Os números refletem um momento de ascensão da gestão Tarcísio, aprovada por cerca de 67 por cento dos entrevistados em pesquisas anteriores do mesmo instituto, e capturam o humor eleitoral em um estado marcado por polarização entre bolsonarismo e petismo, com espaço para nomes do centro-direita e centro-esquerda.
Liderança absoluta de Tarcísio no primeiro turno
Em todos os cenários de primeiro turno, Tarcísio de Freitas desponta com mais de 48 por cento das intenções de voto, configurando vantagem expressiva sobre concorrentes diretos. Contra o ministro da Fazenda Fernando Haddad (PT), o governador alcança 51 por cento, ante 27,7 por cento do petista; Kim Kataguiri (União Brasil) registra 5,2 por cento, Paulo Serra (PSDB) 4,2 por cento e Felipe d’Avila (Novo) 1,6 por cento, com brancos, nulos e indecisos somando o restante.
No confronto com o ministro do Empreendedorismo Márcio França (PSB), a liderança de Tarcísio sobe para 52,8 por cento, contra 18,5 por cento de França; Serra pontua 5,7 por cento, Kataguiri 5,6 por cento e d’Avila 2,5 por cento. Esses percentuais sugerem potencial para vitória em primeiro turno, um feito raro em São Paulo, impulsionado pela imagem de gestor eficiente em infraestrutura e segurança pública.
Simulações de segundo turno consolidam favoritismo
Nas simulações de segundo turno, Tarcísio amplia margens contra nomes tradicionais da oposição. Frente a Geraldo Alckmin (PSB), o governador tem 56 por cento contra 35,1 por cento do ex-governador; indecisos representam 3,2 por cento e brancos ou nulos 5,6 por cento. Contra Haddad, a vantagem seria ainda mais folgada, alinhando-se à dinâmica observada em pesquisas prévias que já apontavam domínio do republicano sobre petistas.
Analistas destacam que a ausência de Tarcísio em alguns cenários eleva nomes como Ricardo Nunes (MDB), prefeito de São Paulo cotado para o Palácio dos Bandeirantes, mas o atual mandatário estadual domina o campo conservador, absorvendo votos de bolsonaristas e liberais moderados.
Contexto político e avaliação da gestão atual
A pesquisa ocorre em meio a um 2026 eleitoral pré-aquecido, com Tarcísio de Freitas consolidando-se como figura central da direita paulista após vitória apertada em 2022 e avanços em obras como a expansão do metrô e redução de homicídios. A aprovação de sua administração, acima de 60 por cento em levantamentos recentes, sustenta essa liderança, contrastando com desgastes no campo petista, marcado por divisões internas e rejeição ao lulismo em São Paulo.

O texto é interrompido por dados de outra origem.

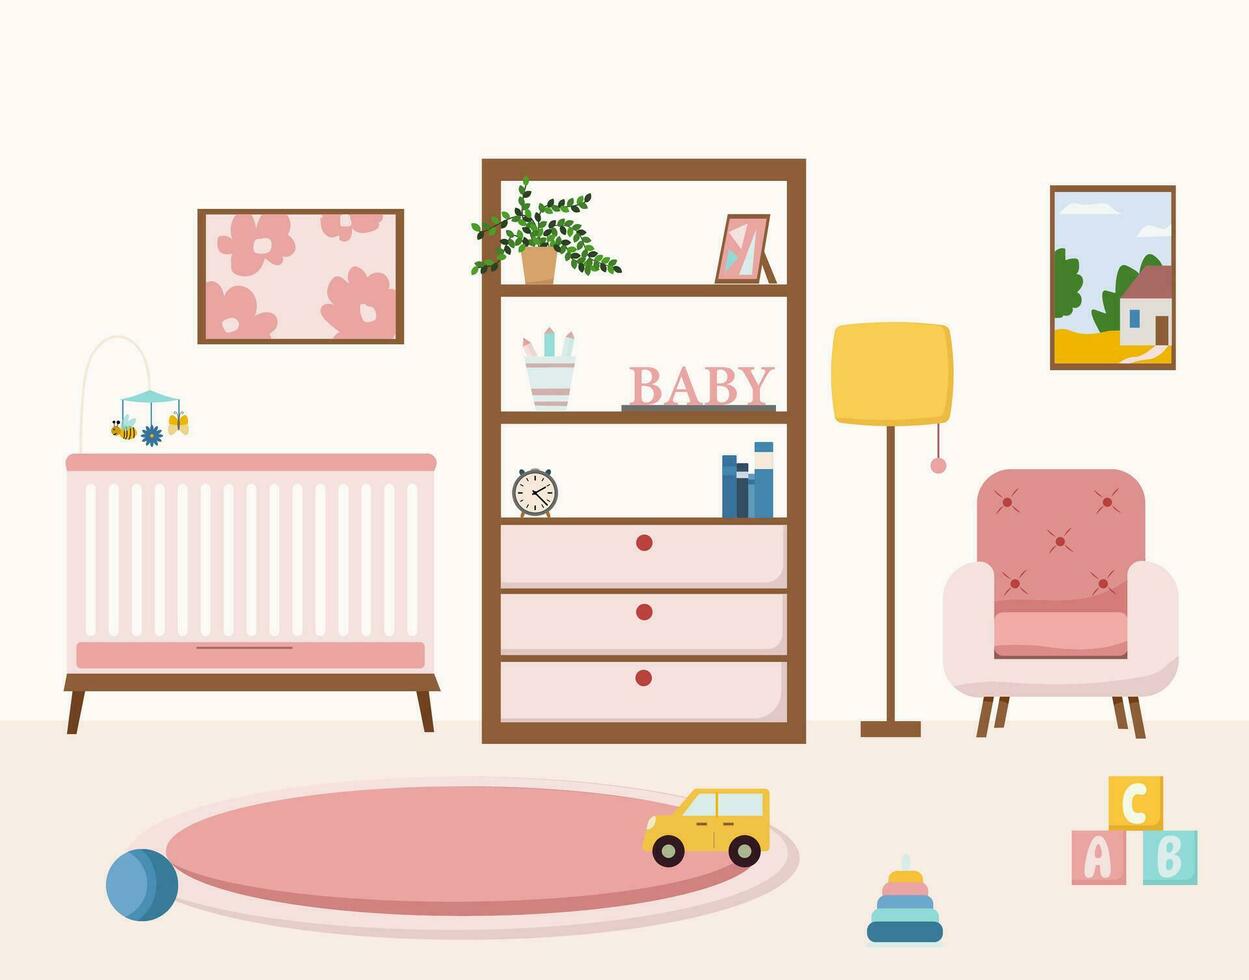 knus kinderkamer interieur met meubilair zo net zo wieg, fauteuil, speelgoed, tapijt in modern stijl vlak vector illustratie.

O petismo, representado por Haddad, enfrenta desafios para reconquistar o eleitorado urbano médio, enquanto França e Alckmin buscam resgatar o eleitor centrista, sem êxito aparente contra o ímpeto tarcisista. Nomes como Kataguiri e Serra representam renovação, mas patinam em patamares baixos, sugerindo fragmentação da oposição de centro-direita.
Implicações para 2026 e reações iniciais
Os números do Paraná Pesquisas reforçam Tarcísio como franco favorito à reeleição, projetando-o como potencial protagonista nacional em 2030, alinhado ao governo Trump nos Estados Unidos e ao bolsonarismo remanescente. Pré-candidatos oposicionistas minimizaram o levantamento, atribuindo-o a um instituto de perfil conservador, mas os dados ecoam tendências de pesquisas como Quaest e Datafolha, que já sinalizavam domínio do governador.
A divulgação movimentou bastidores partidários: o Republicanos celebra a consolidação de sua estrela, enquanto PT e PSB articulam federações para ampliar palanque oposicionista. Com eleições municipais em 2024 pavimentando o terreno, São Paulo caminha para um pleito estadual dominado pela dicotomia entre continuidade tarcisista e fragmentada oposição, num estado que define rumos nacionais.